# Review of 2011 Artec Gabe Taylor !!!



## twin89 (Jan 21, 2009)

nice review, good to get some artecs on here, not many =(

let us know how the durability is down the line when you put some real time on it!


----------



## Bones308 (Jan 29, 2011)

twin89 said:


> nice review, good to get some artecs on here, not many =(
> 
> let us know how the durability is down the line when you put some real time on it!



Thank you! I will definately try and let everybody know how it holds up in time. Yah you are right not too many of them on here, but I just couldnt resist this board for the money and I am so glad I bought it. 

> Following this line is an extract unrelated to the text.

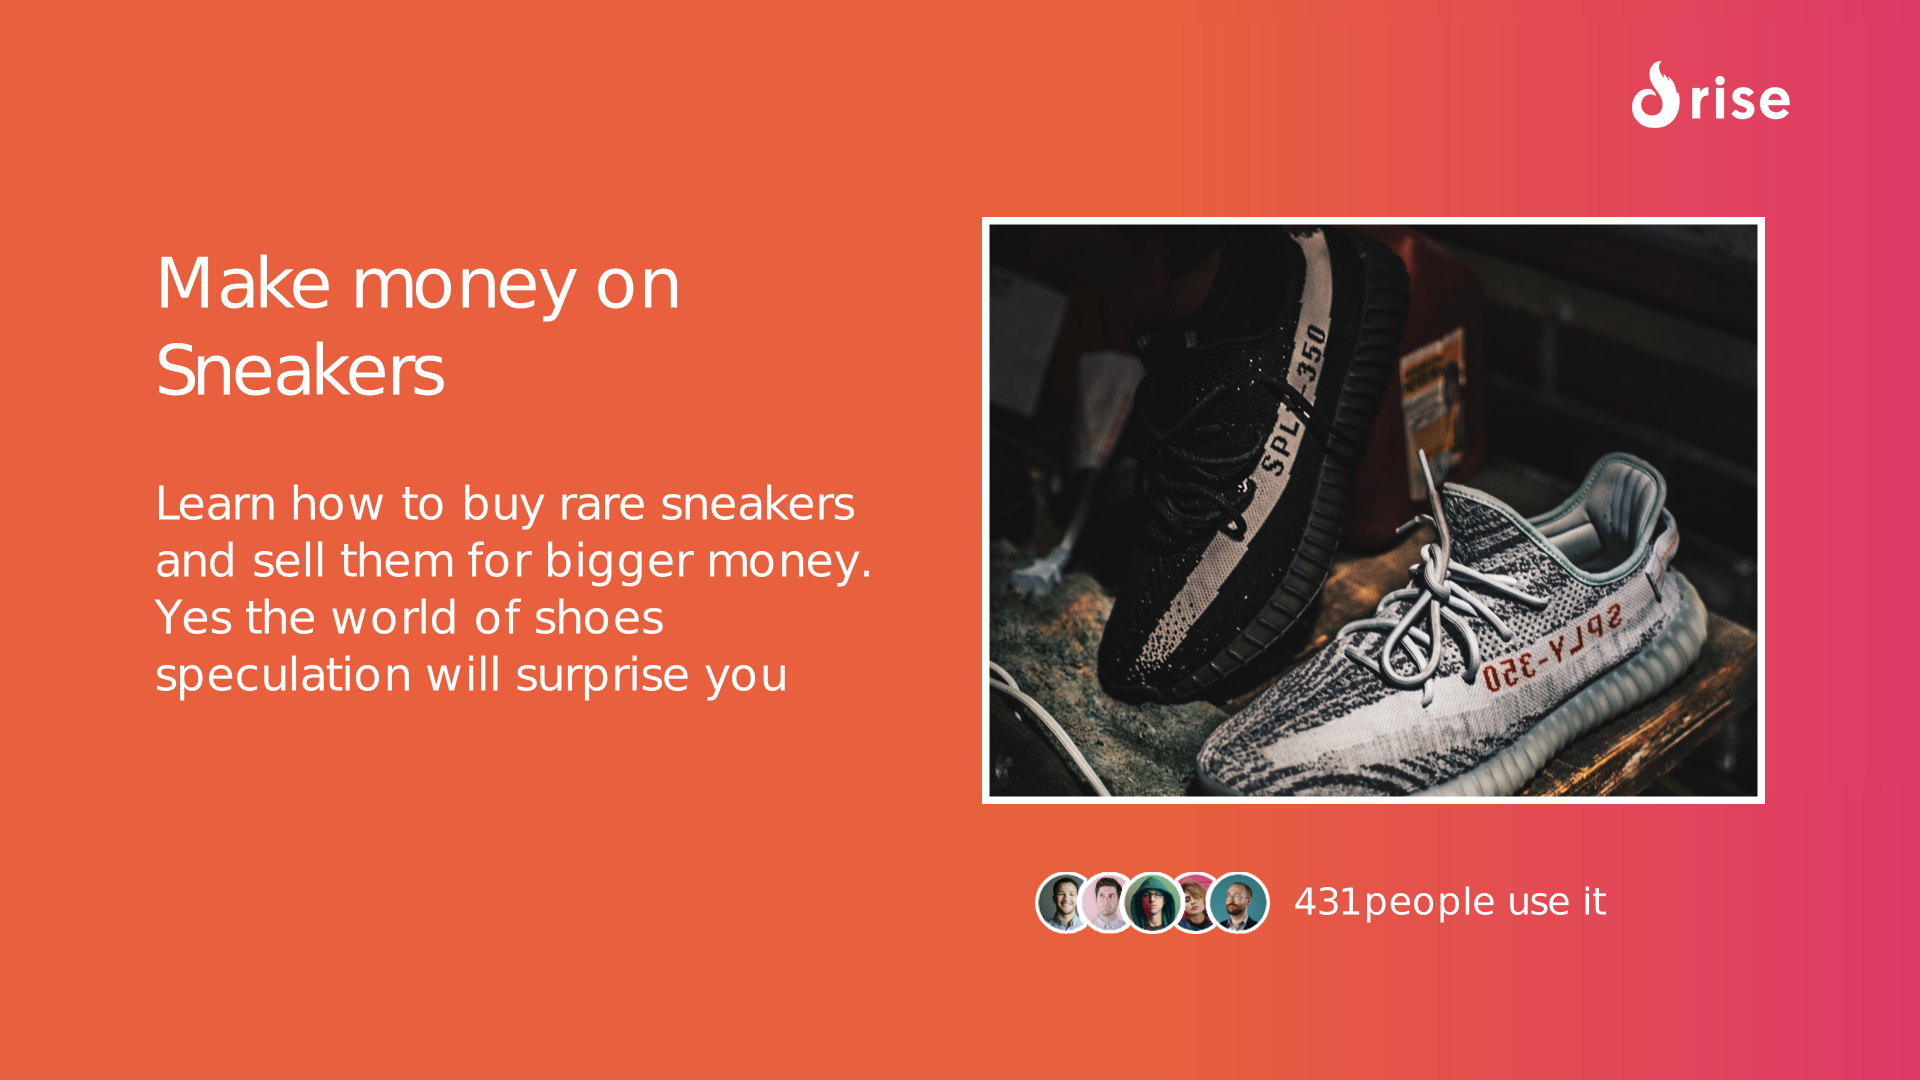 Make money on Sneakers

Although, if I had to find one thing I dont like about it, it would be that it only has 10mm of setback, which I would like it to have a little more because I tend to like more nose than tail but Its not bad at all and I can definately live with it.


----------



## D1CKER1 (Dec 27, 2010)

I purchased this as my first board.. But i love mine

Its Setup with Flow M9's


----------



## Bones308 (Jan 29, 2011)

D1CKER1 said:


> I purchased this as my first board.. But i love mine
> 
> Its Setup with Flow M9's


Nice to hear that! I would definately say that this would also be a very good first board to buy. It is forgiving, but when you are ready to step your game up, it can rip it as hard as you can dish it out. 

I am glad you are as happy with this board as I am!


----------